The Equal Employment Opportunities Commission (EEOC) has filed suit against three U.S. employers for sex discrimination in hiring. The lawsuits allege overt bias against female job candidates in the form of bogus physical tests, physical appearance, and a blatant “no girls allowed” hiring policy.

EEOC takes a strong stand against gender bias

Perhaps it was simply a coincidence of timing. But the EEOC is sending a message in three unconnected cases that gender discrimination will not be tolerated in 21st century America. When the EEOC was unable to resolve each of the cases through pre-litigation channels, it filed suit against a railroad (CSX Transportation), a shipping company (R&L Carriers) and a parking management service.

  • At CSX, female applicants failed physical requirement tests at a substantially higher rate than male candidates. Rather than indicating women are physically unfit for the industry, the EEOC contends that the tests favor men through arbitrary benchmarks.

Apparent rationale: They all take the same test. Not our fault if the ladies can’t cut it.

  • In the Eagle Parking case, a woman was turned down on the presumption – based on nothing more than her appearance – that she could not handle the “physicality” of the job. She was urged to apply for a desk job instead.

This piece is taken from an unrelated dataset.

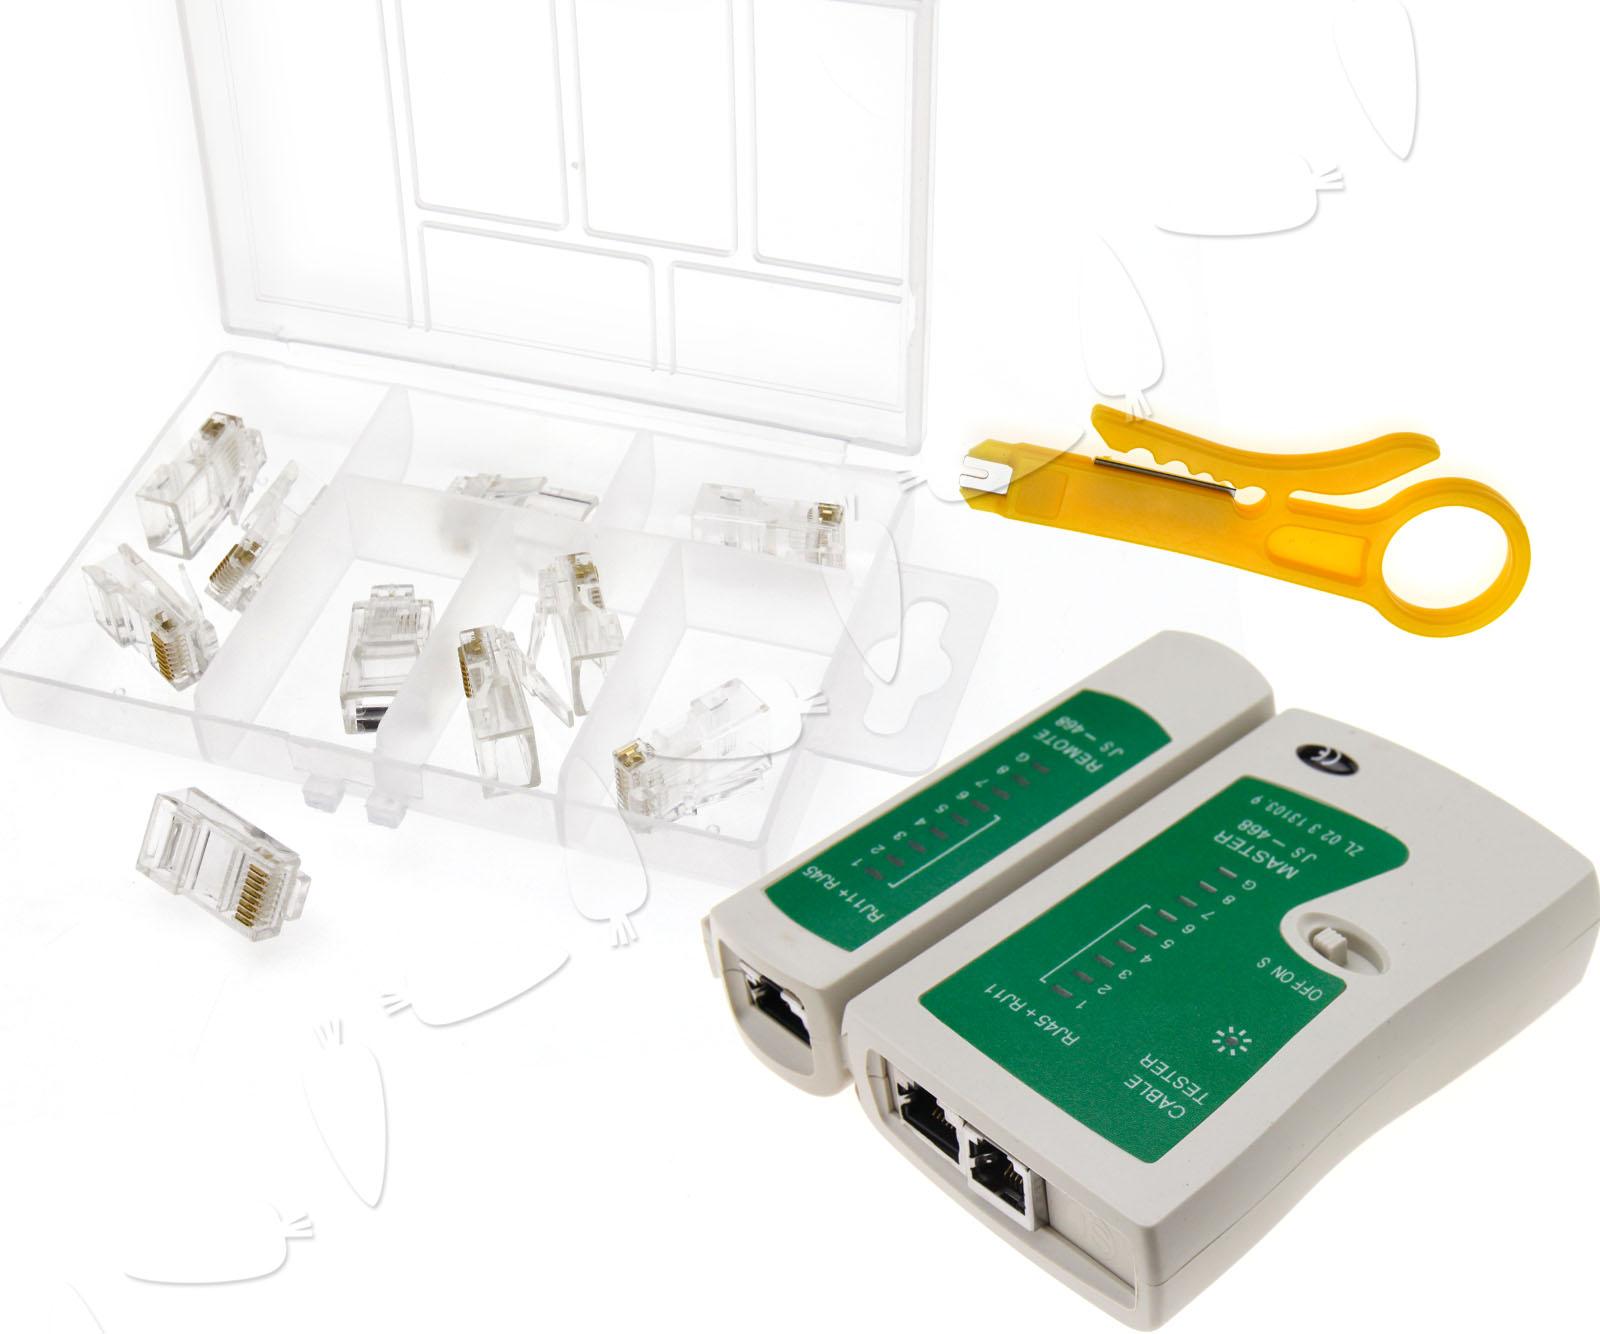 rj45 rj11 cable hand tool crimper network tool kit screwdriver ebay. Black Bedroom Furniture Sets. Home Design Ideas

Apparent rationale: In the manager’s professional opinion, based on years of parking cars, a woman could not perform such a back-breaking feat.

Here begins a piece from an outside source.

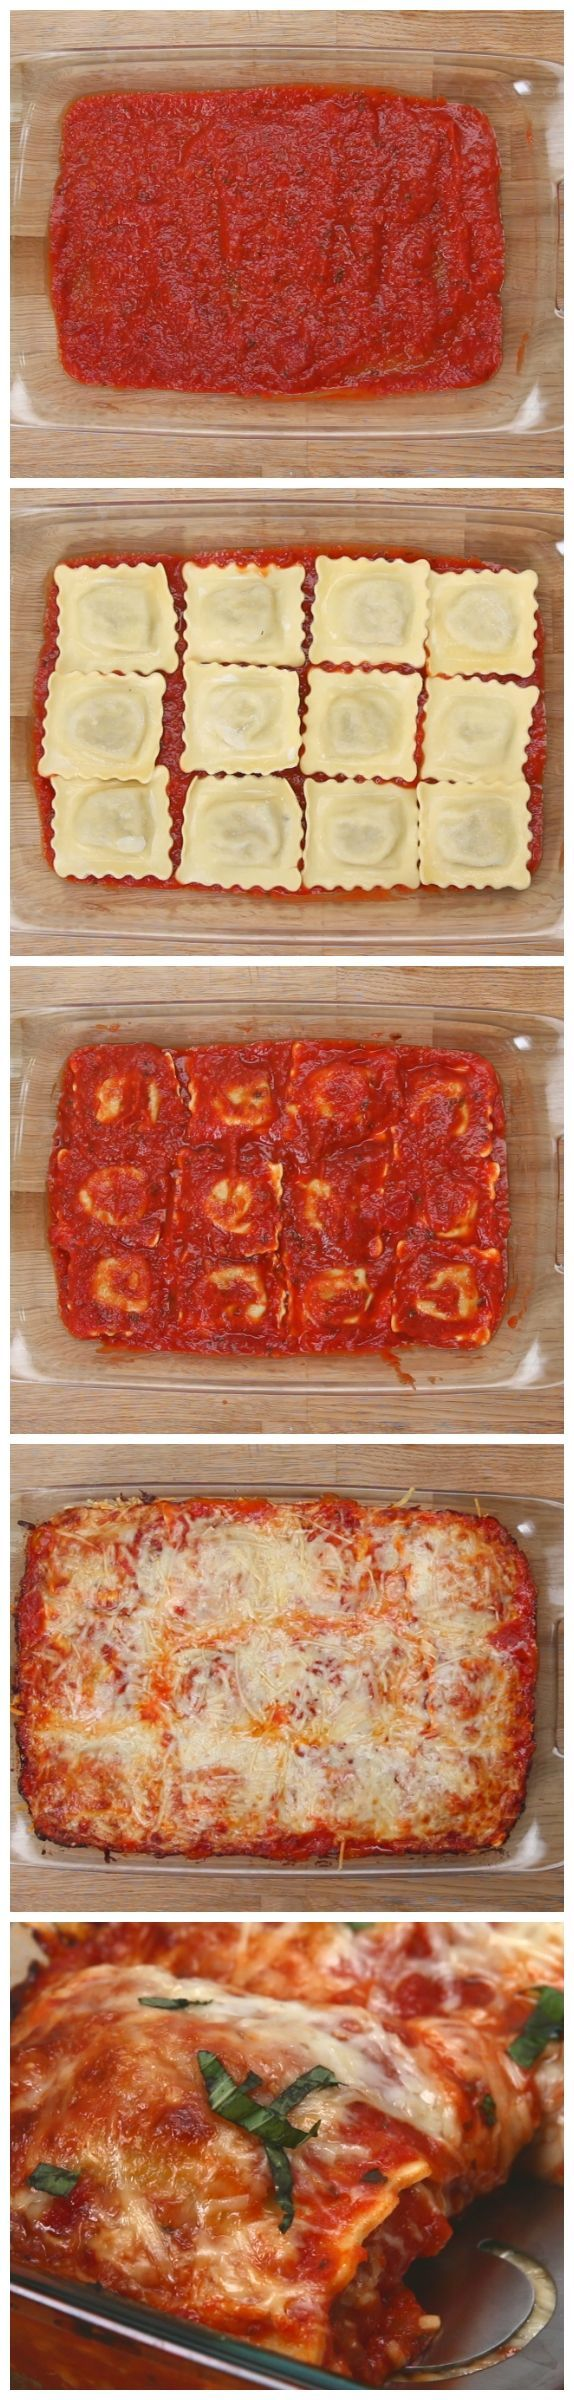 Easy Ravioli Bake:

  • In the R&L Carriers case, the EEOC alleges straight-up discrimination; no women are hired as dockworker and loaders, even when they are qualified candidates.

Apparent rationale: Some jobs are for dudes, and you’re not a dude.

Physical requirements can be an unfair barrier to women

The EEOC litigation will prompt a close look at physical ability requirements in candidate screening and hiring, particularly in traditionally male occupations. Courts have generally upheld the right of employers to use physical ability as a hiring criteria, with a few caveats: (a) physical tests must reflect the actual job duties, and (b) minimum requirements cannot be set arbitrarily high to exclude women.

For instance, only 7 percent of U.S. firefighters are female, chiefly because so few can pass the rigorous obstacle course exams. Through equal opportunity lawsuits, the physical ability standards have been scaled back in many jurisdictions to give female applicants a fighting chance to win the job and prove themselves. Detractors say the revised standards are watered down and compromise safety. Proponents say the standards were based on male demographics and were unnecessarily tough — no firefighter performs all those feats in an actual fire call.

Is the job really that rigorous?

Most blue-collar jobs do not require “American Ninja” strength and agility. Basic physical fitness is typically sufficient, and those who truly can’t do the work will soon quit or be let go. Too often, the barrier to employment is not women’s muscles but men’s outdated attitudes.

This blog was originally published at passmanandkaplan.com on August 8, 2017. Reprinted with permission.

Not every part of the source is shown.